Our Minister of Finance’s budget speech is not only going to be under the magnifying glass by rating agencies this week but also by South Africans. Some announcements can have an unfortunate effect on over-indebted individuals. Many South Africans are already applying for credit on a huge scale as it is. And if indirect taxes, income tax and/or Value Added Tax (VAT) are increased – the situation could worsen.
According to the National Credit Regulator’s Credit Bureau Monitor (Third Quarter 2016) records held that 24.25 million people were credit-active consumers at the end of September 2016. And 9.85 million of these consumers were classified in bad standing. The NRC’s statistics, therefore, indicate that the number of consumers with impaired records has increased by 178 000.

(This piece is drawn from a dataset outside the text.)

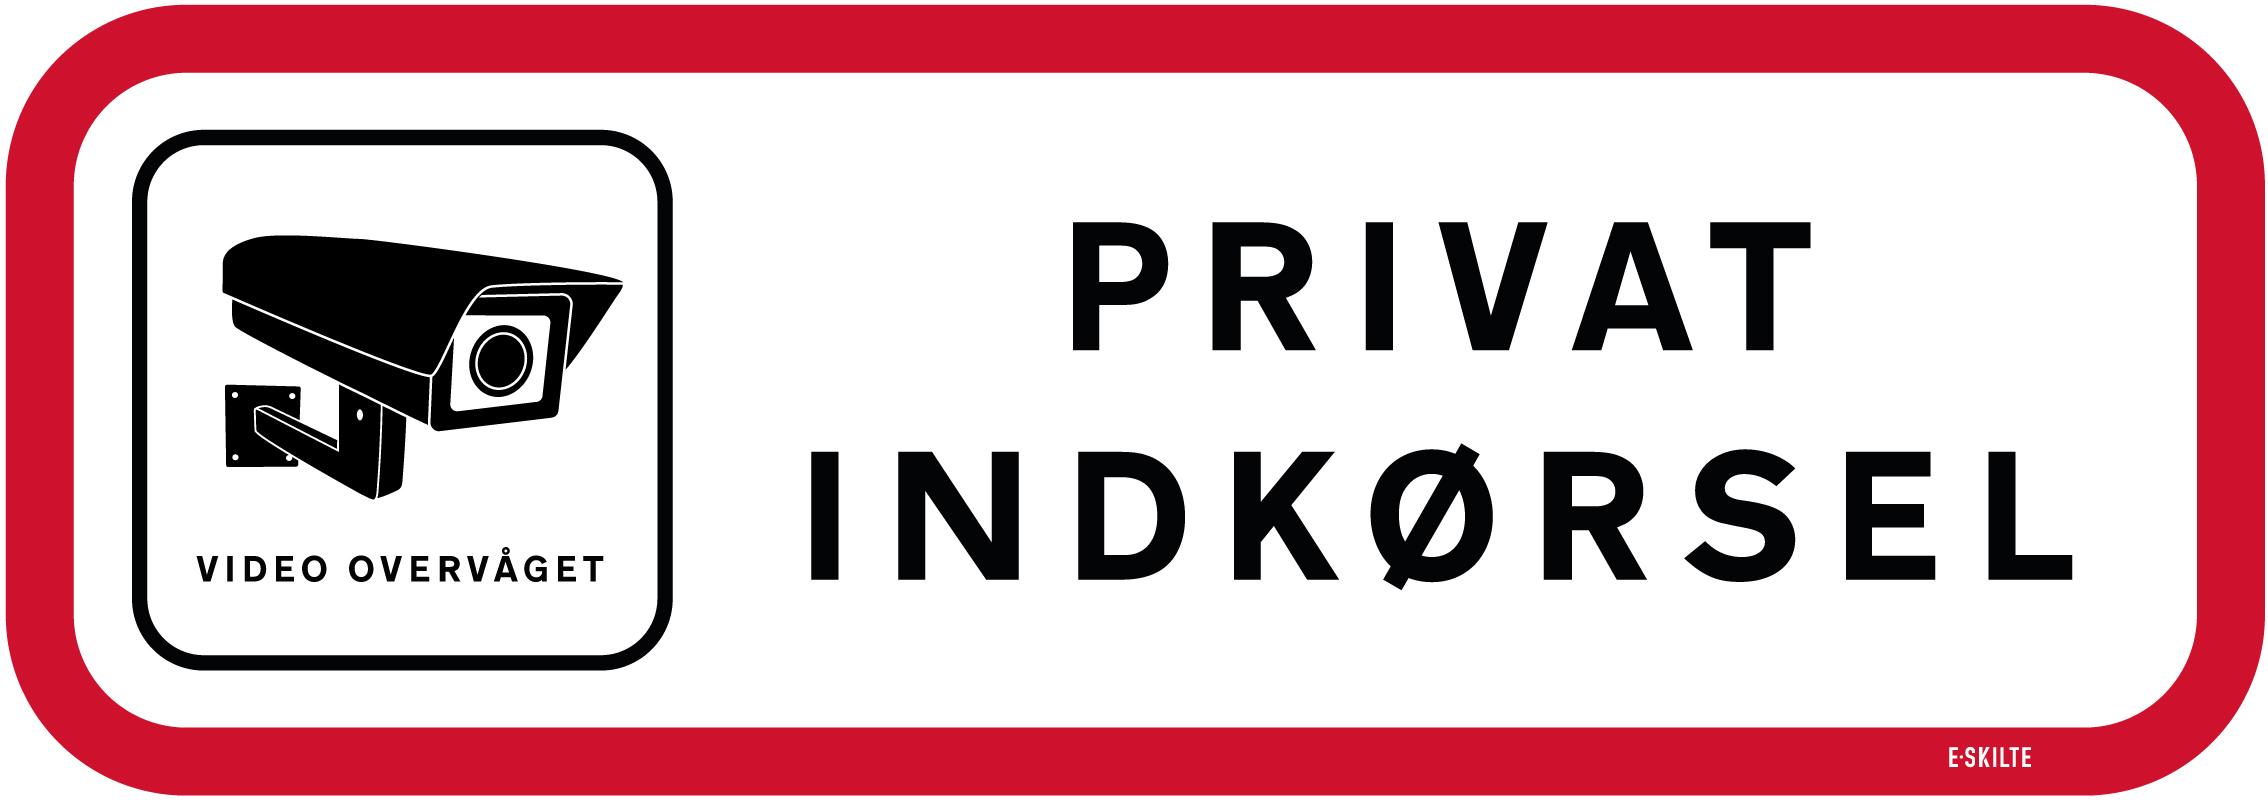 Privat indkørsel skilt
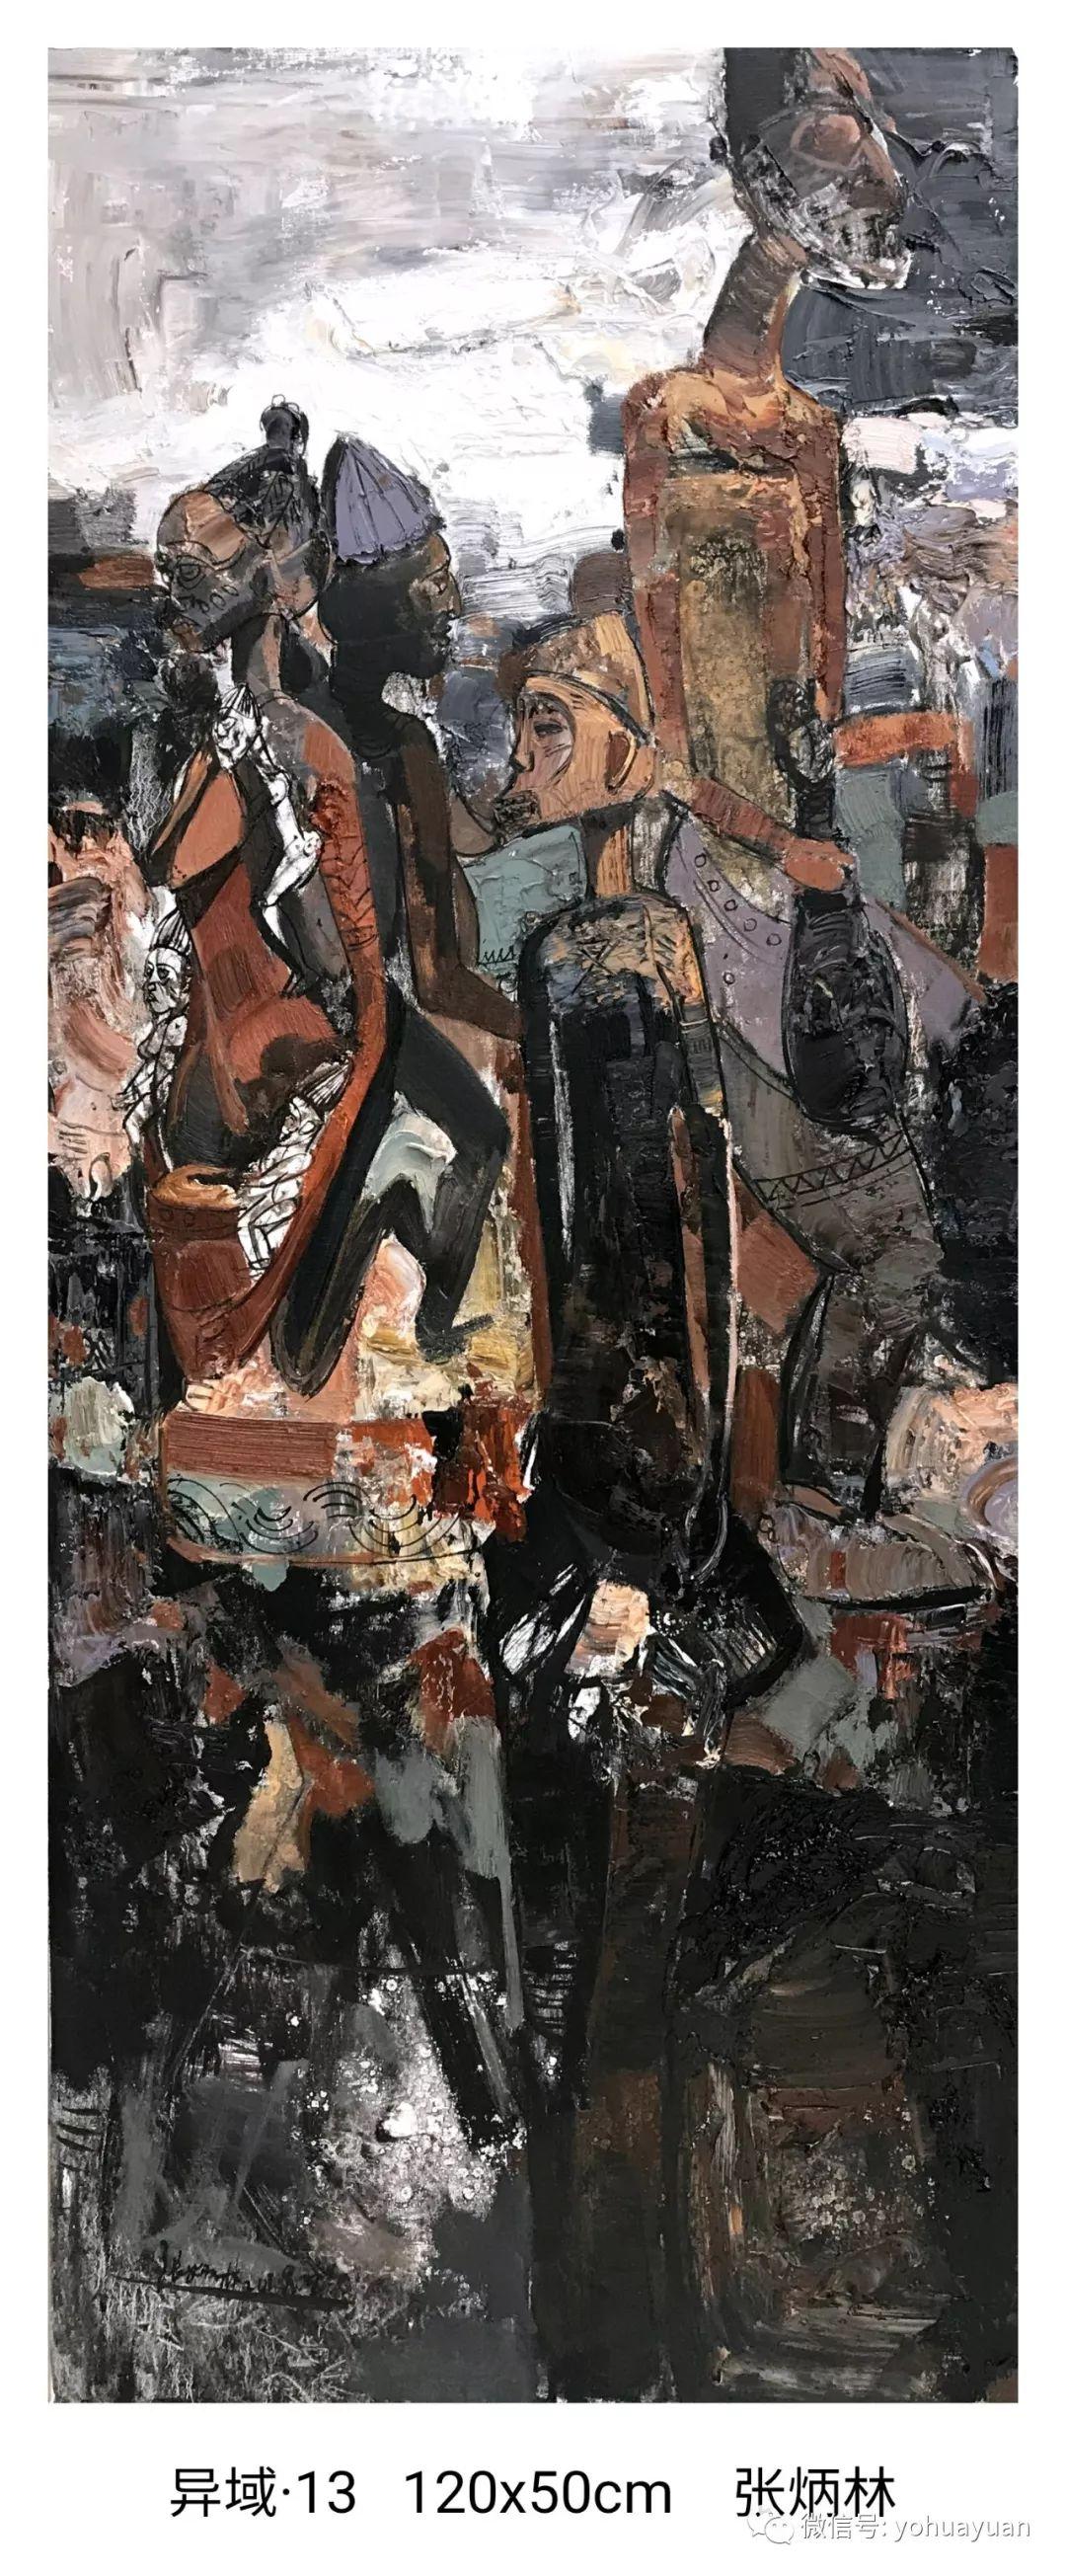 油画作品拍卖(内蒙古草原写生) 第76张 油画作品拍卖(内蒙古草原写生) 蒙古画廊

Here are a few things we are concerned about (for consumers’ sake) if increases are confirmed on Wednesday, 22 February 2017:
Include fuel and tyre levy, sugar, excise duties on alcohol and tobacco as well as incandescent globe tax for example. These increases can rip consumers’ pockets and the people that already have major debt are left helpless. These taxes can typically have an effect on the poor and middle class.
Value Added Tax is a type of consumption tax placed on goods and services at their final value or purchase price. VAT increase doesn’t mean salaries or income increase, leaving South Africans in a daily struggle (like buying groceries for example) as some families barely have enough to get by as it is.
Income tax is the tax levied on your personal income. It is indicated as PAYE on your salary slip.
South Africans are holding thumbs this week for some good news and a bit of relief for their pockets. But if the above taxes are increased, however, over-indebted individuals will not be so lucky. They might need to explore professional debt management options to get rid of their expanding debt piles.